Awesome report. Glad you a good day on the water. I remember being out at an artificial reef near the Zuez, and was hovering over the spot. Just bumping her inter reverse against the current and some other guy must have wanted to fish the same spot so he was actually backing up letting the current push him towards me, Engines to engine. Had to get on the throttle a couple of and even moved.. I definitely sent a lot of foul language his way.


----------



## bambam (Jun 12, 2009)

Great report and nice shark. Sounds like you got good control of your temper.


----------



## salinesolution (May 26, 2013)

I may have had an issue with the same guy on Friday. I was just checking spots to see how thick the fish were on various public spots & trolling some plastic between some that were close together. Ran up on a spot with 1 boat anchored on it so I set my troll to go by 60-70 feet off his transom. I was just barely creeping along & this yahoo shows up in a large Pursuit & drove right over my 2 lines trying to find the spot. 

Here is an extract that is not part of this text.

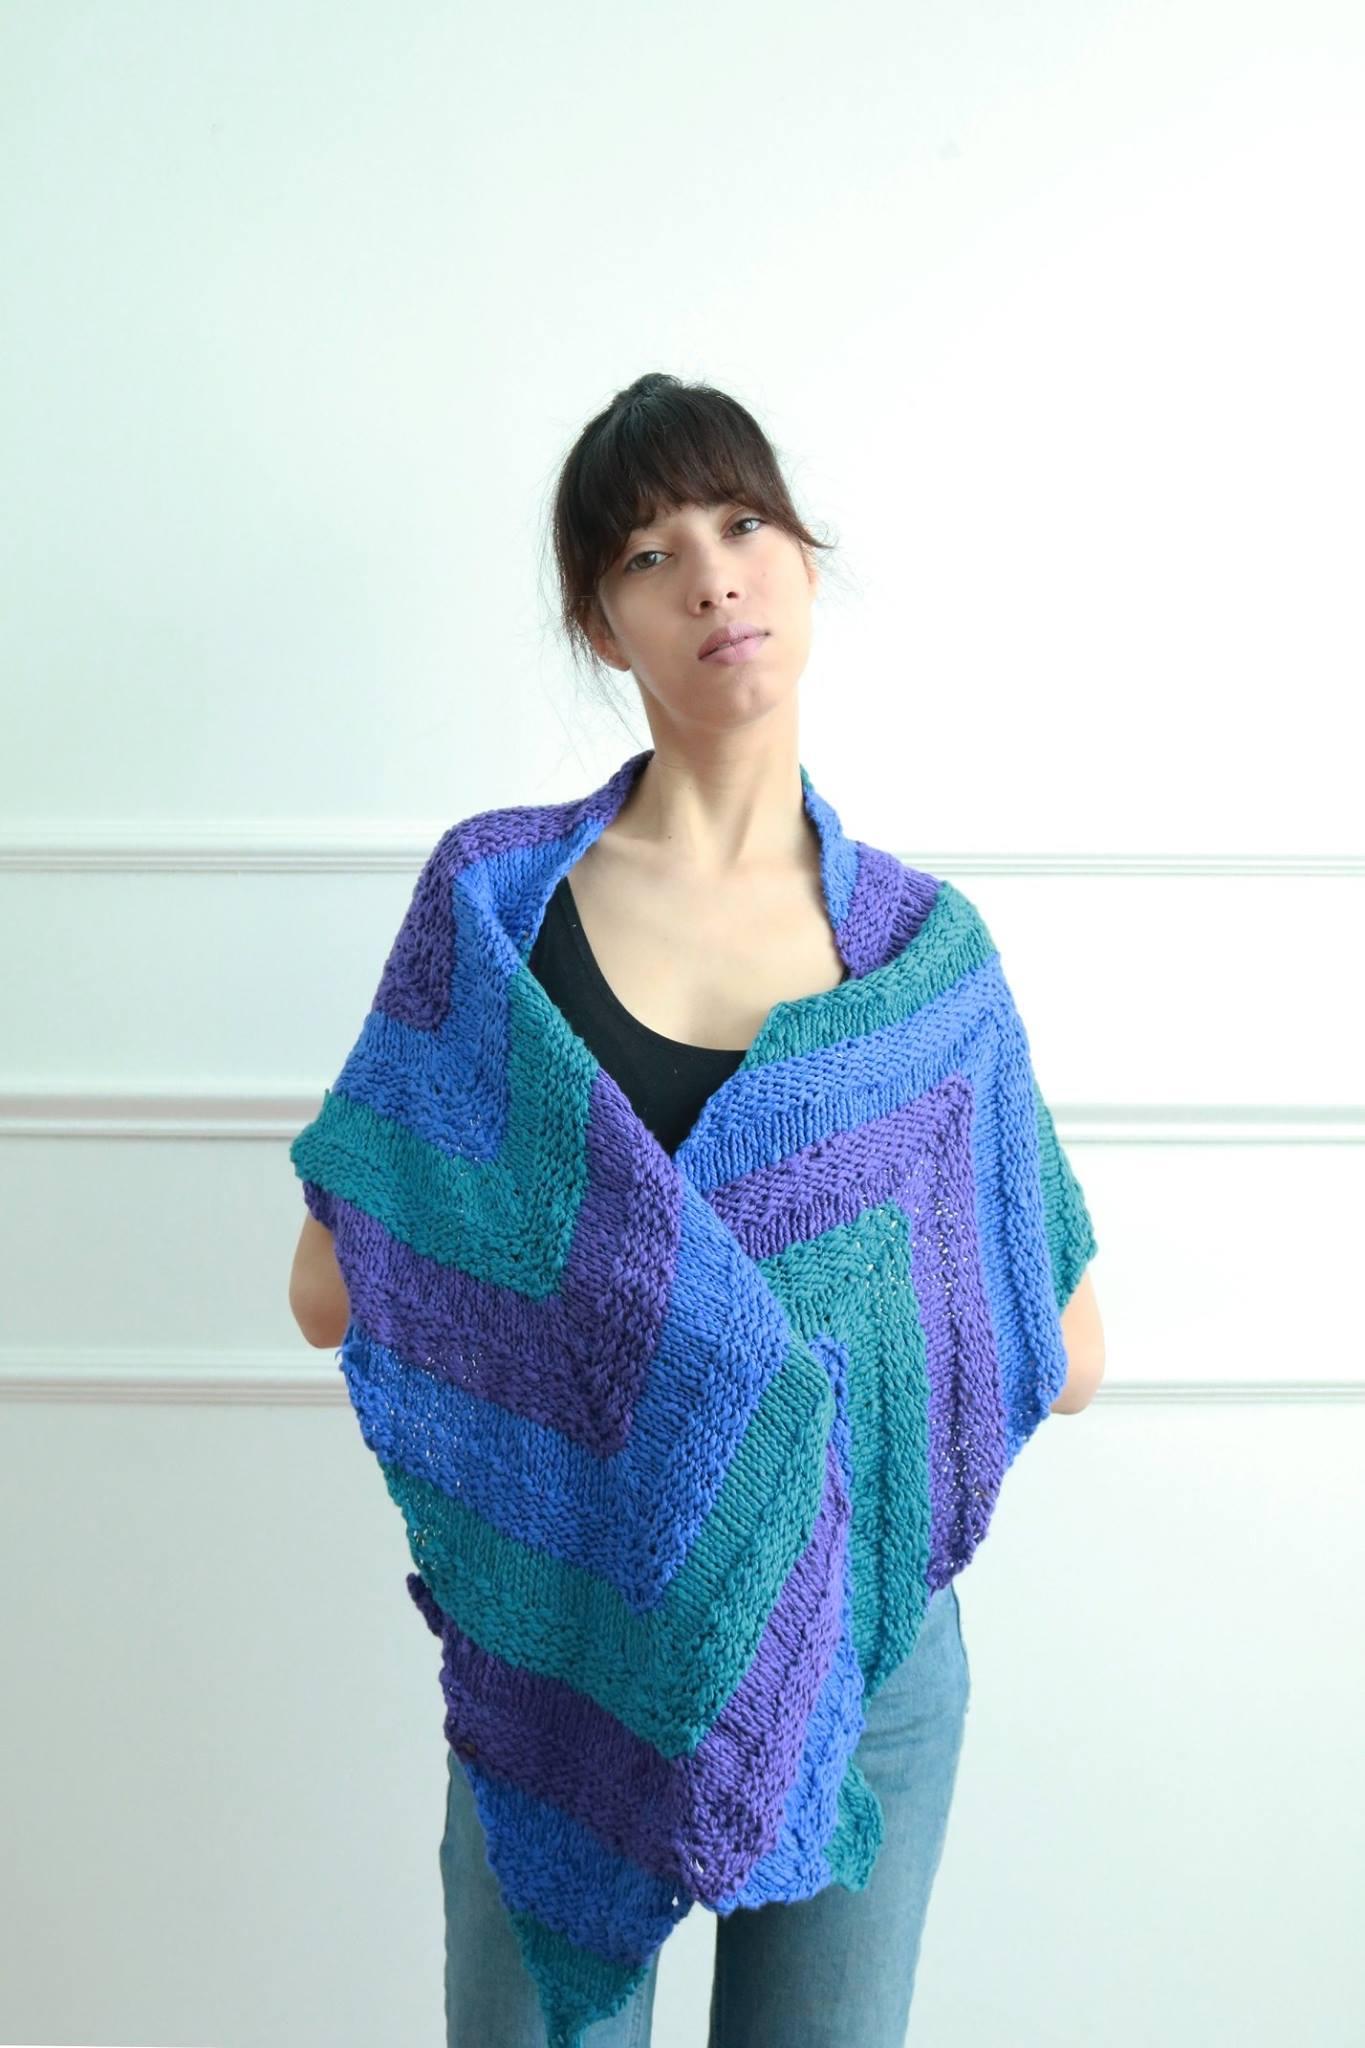 skye knit crate.jpg
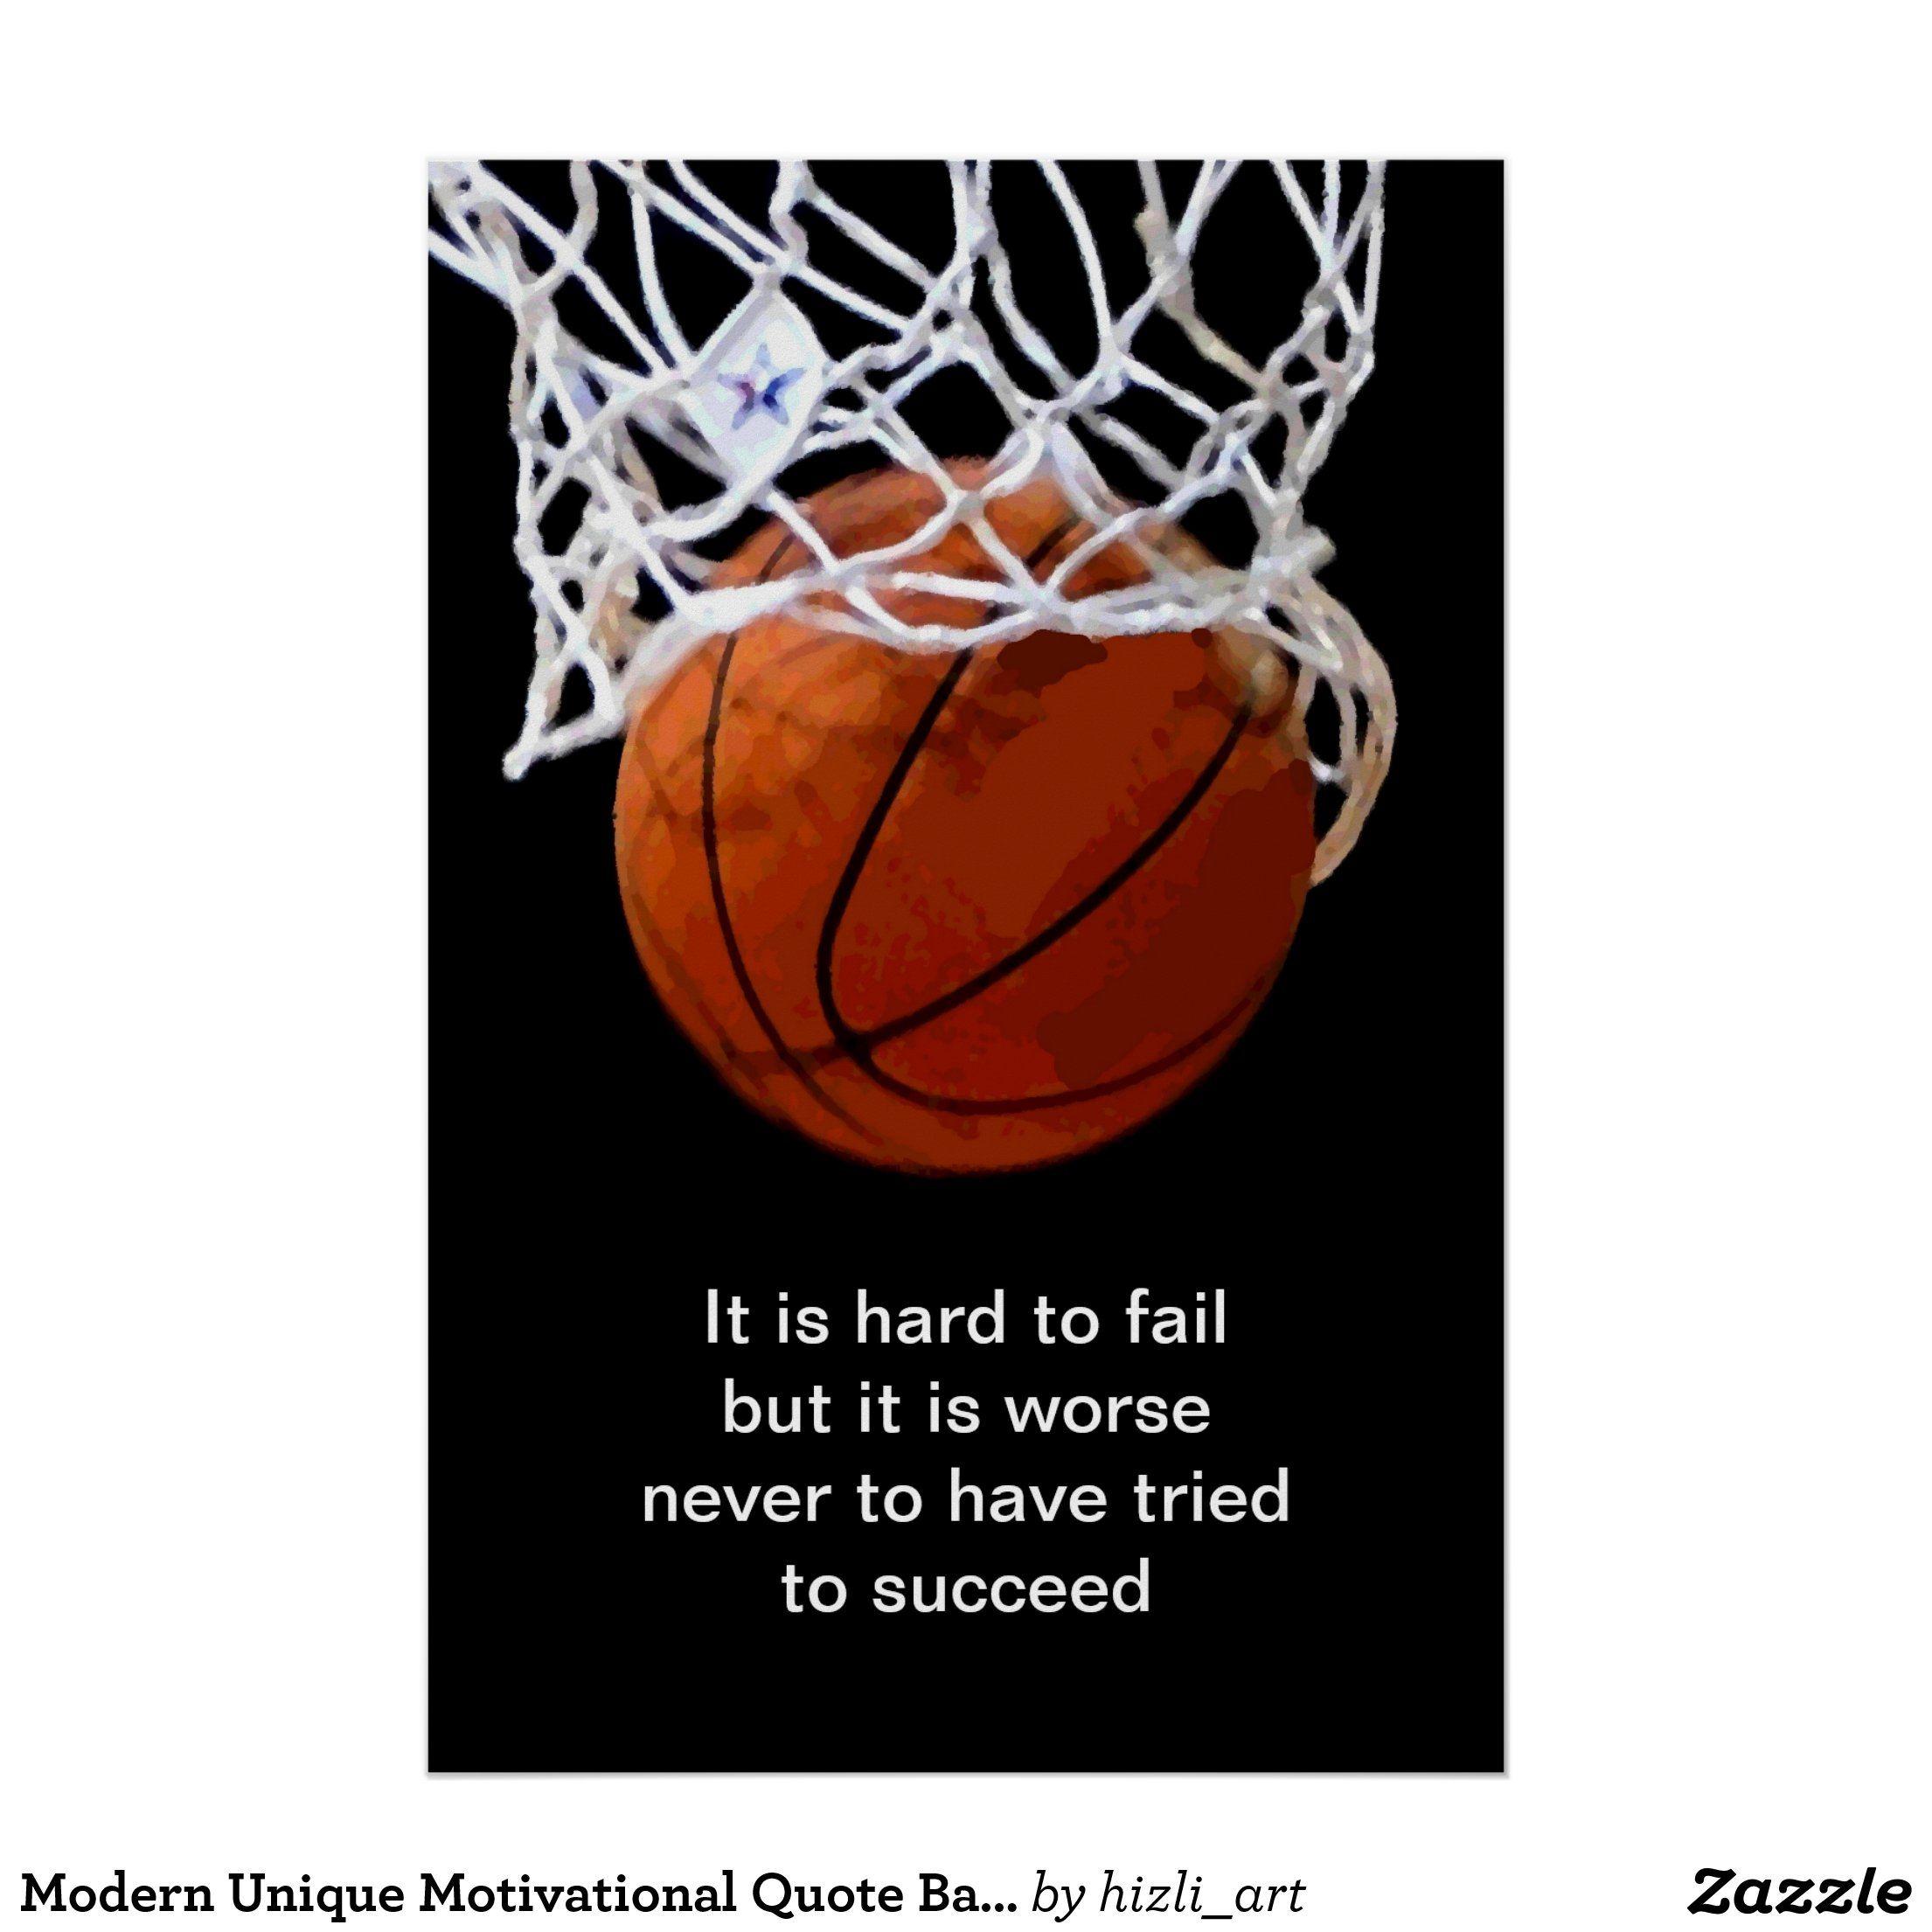 Modern Unique Motivational Quote Basketball Poster  Zazzle.com in

I tried shouting to him that he was heading for my lines but he was too busy maneuvering around the anchored boat & watching his bottom machine. The sad part was the wreck was right on the published public numbers. 

I just sailed away shaking my head.

I'll be on them Tuesday when the crowd has thinned.


----------



## 20simmons sea skiff (Aug 20, 2010)

I caught a shark like that last year, thought I had the bottom.


----------



## bcahn (Jan 10, 2013)

Not cool, that's how folks get hurt!


----------



## jw1973 (Feb 8, 2009)

Yeah, there are plenty of days where I may have lost my cool with something like this. I guess I felt a little sympathy for the guy. He had a deer in the headlights look a couple times.

I fished the same spot Saturday and Monday. Lots of boats out, lots of easy going boaters, lots of smiles. It's easy to be kind to a clumsy guy when every one around you is being cool.

I'm too tired to post a full report for Monday but it was similar to Sunday except more mingos, no shark, and no current. Left at 8, cleaning fish by 1.


----------



## Gulflady (Jun 19, 2010)

Great report and nice shark pic, at least ya got out there.


----------